_Task instructions_
Every line from the one with "Export the ebook in PDF" through the end of the material below, both ends included, should be transcribed exactly, without pictures.
━━━ Data provided ━━━
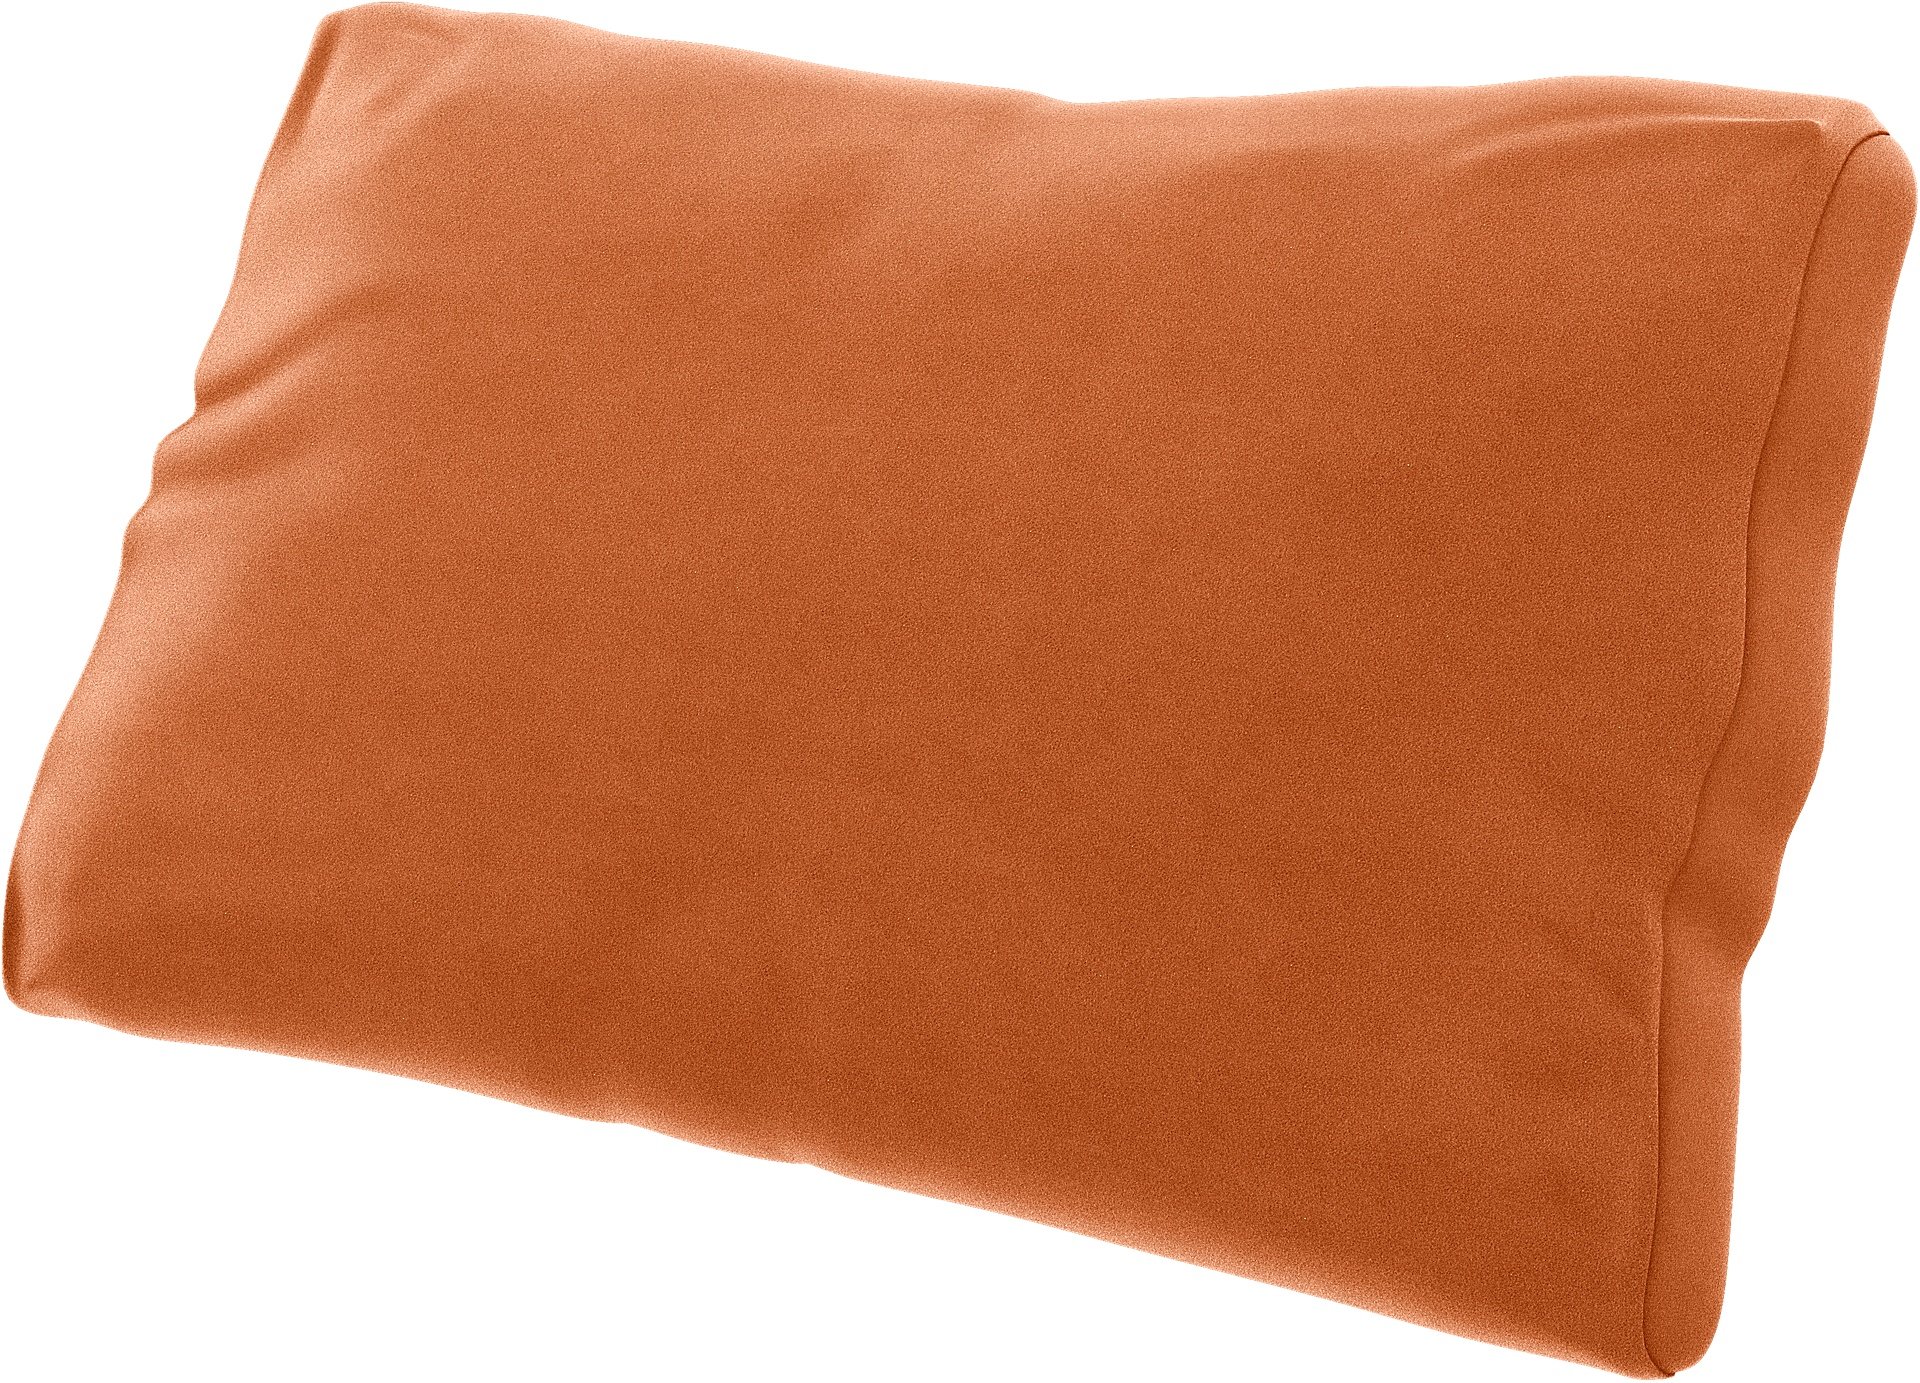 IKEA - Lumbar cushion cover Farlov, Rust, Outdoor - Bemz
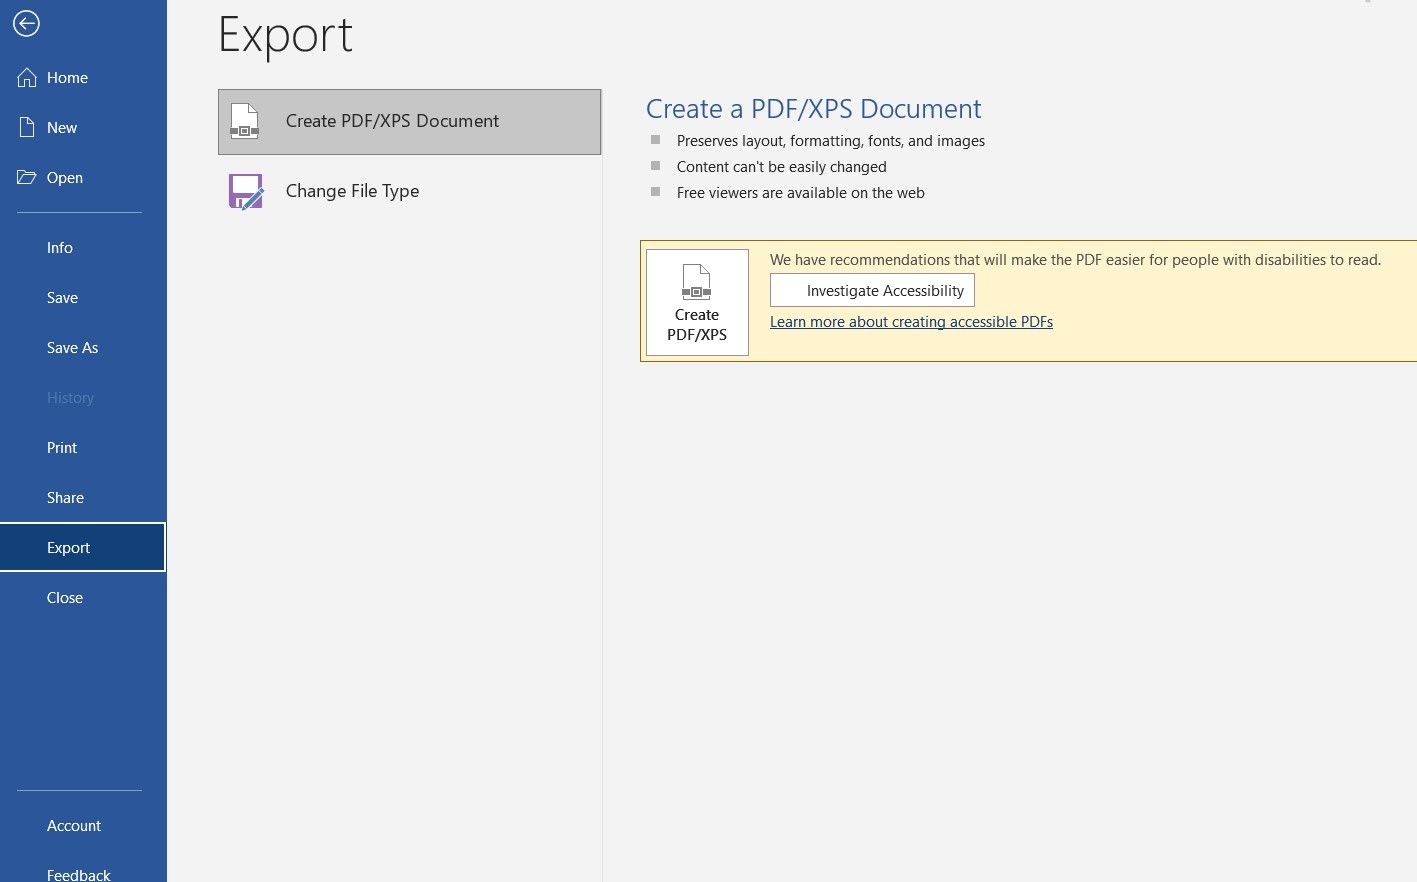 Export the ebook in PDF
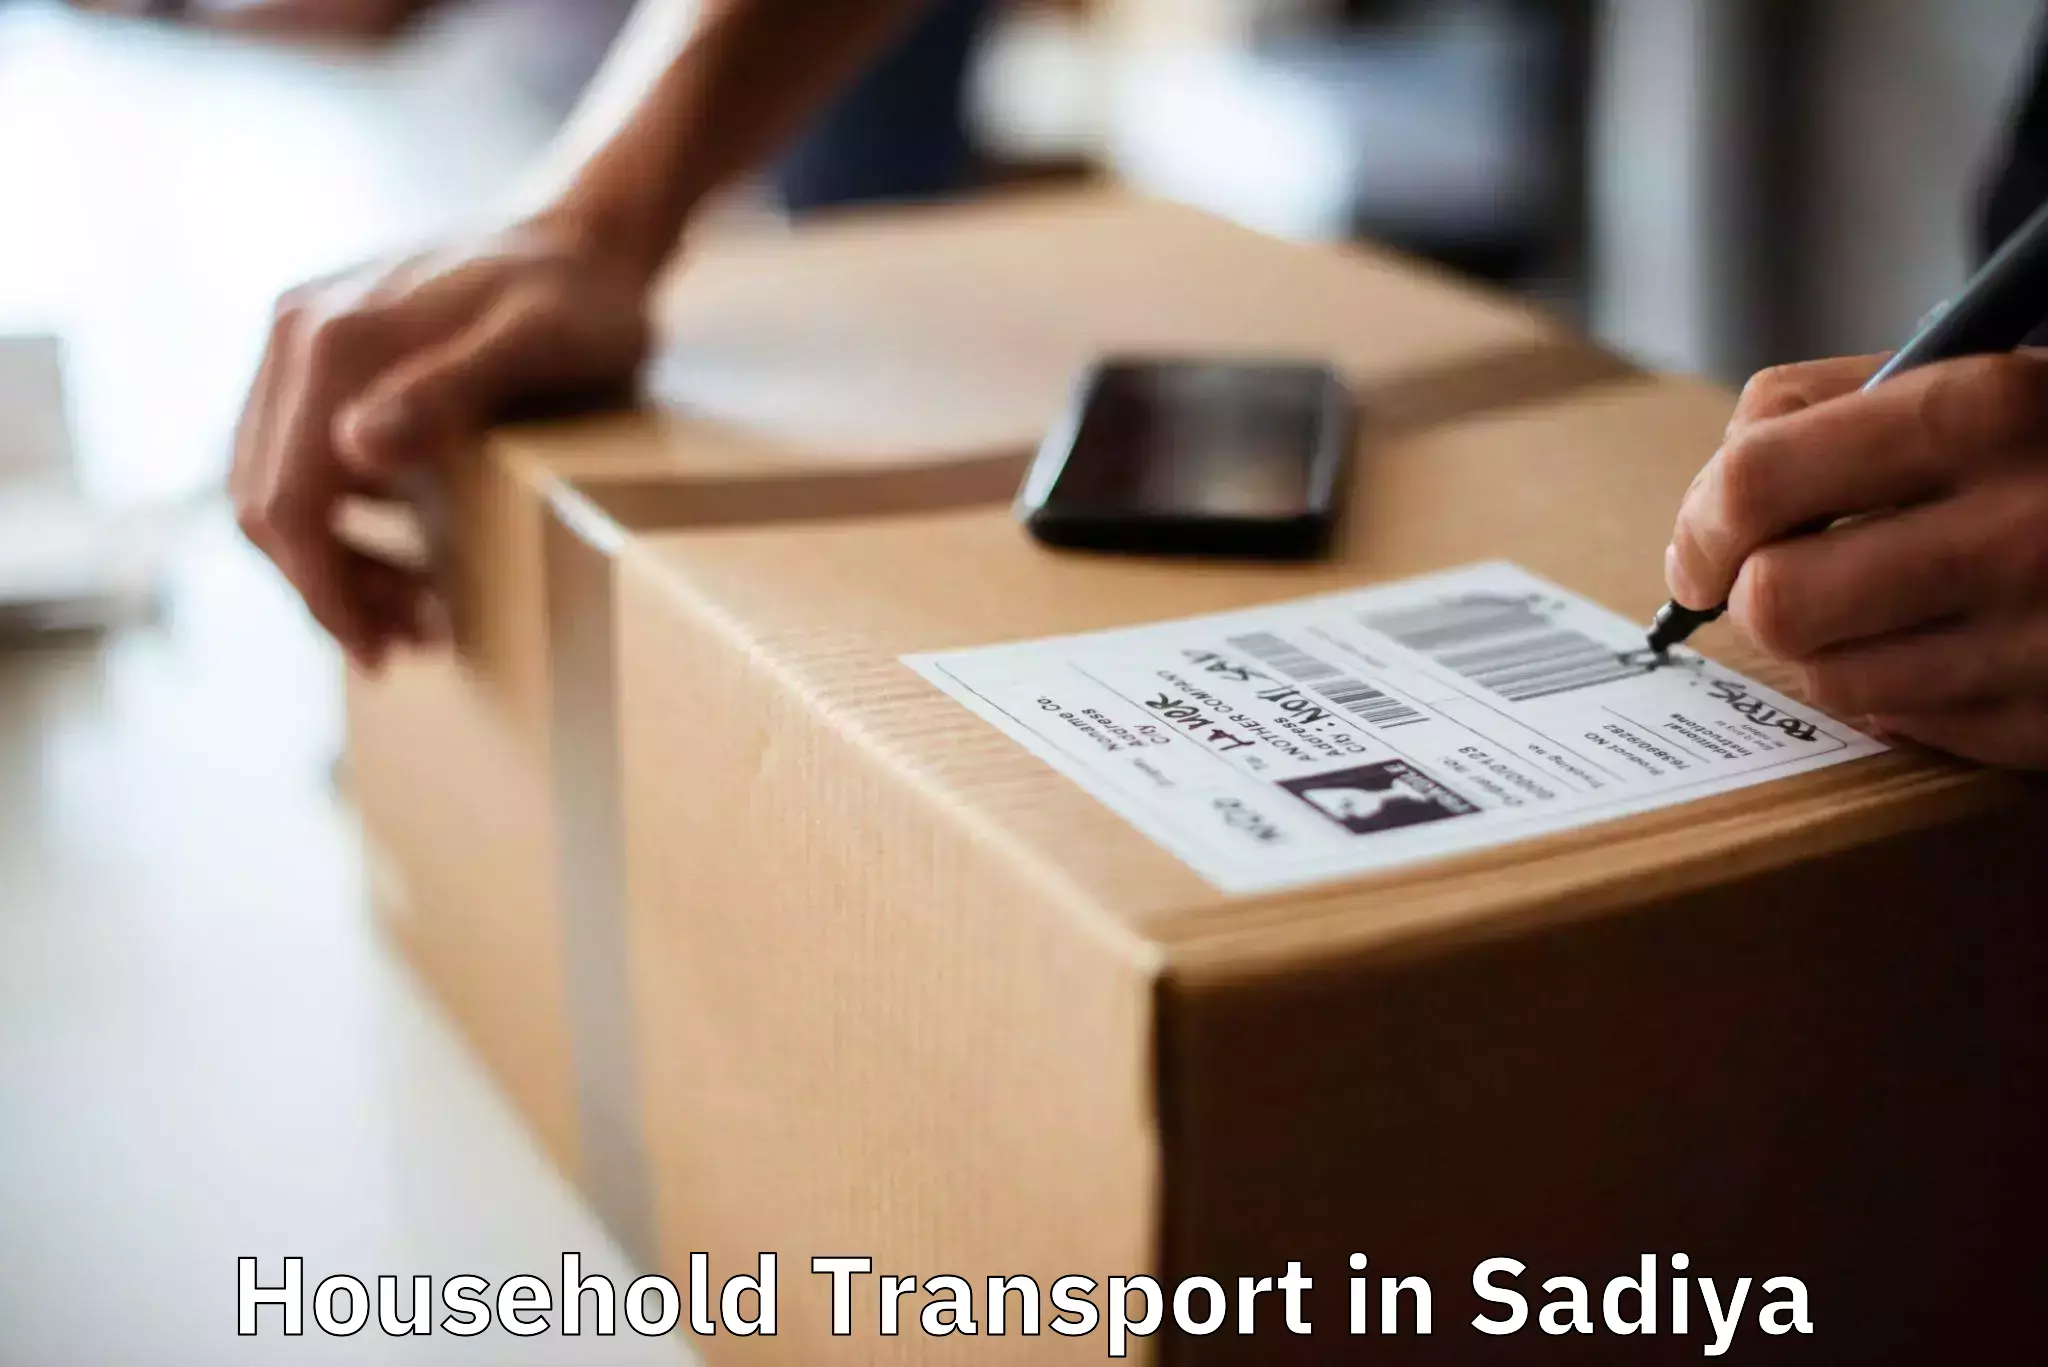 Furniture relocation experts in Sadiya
━━━
_Response area_
 Export the ebook in PDF
 Furniture relocation experts in Sadiya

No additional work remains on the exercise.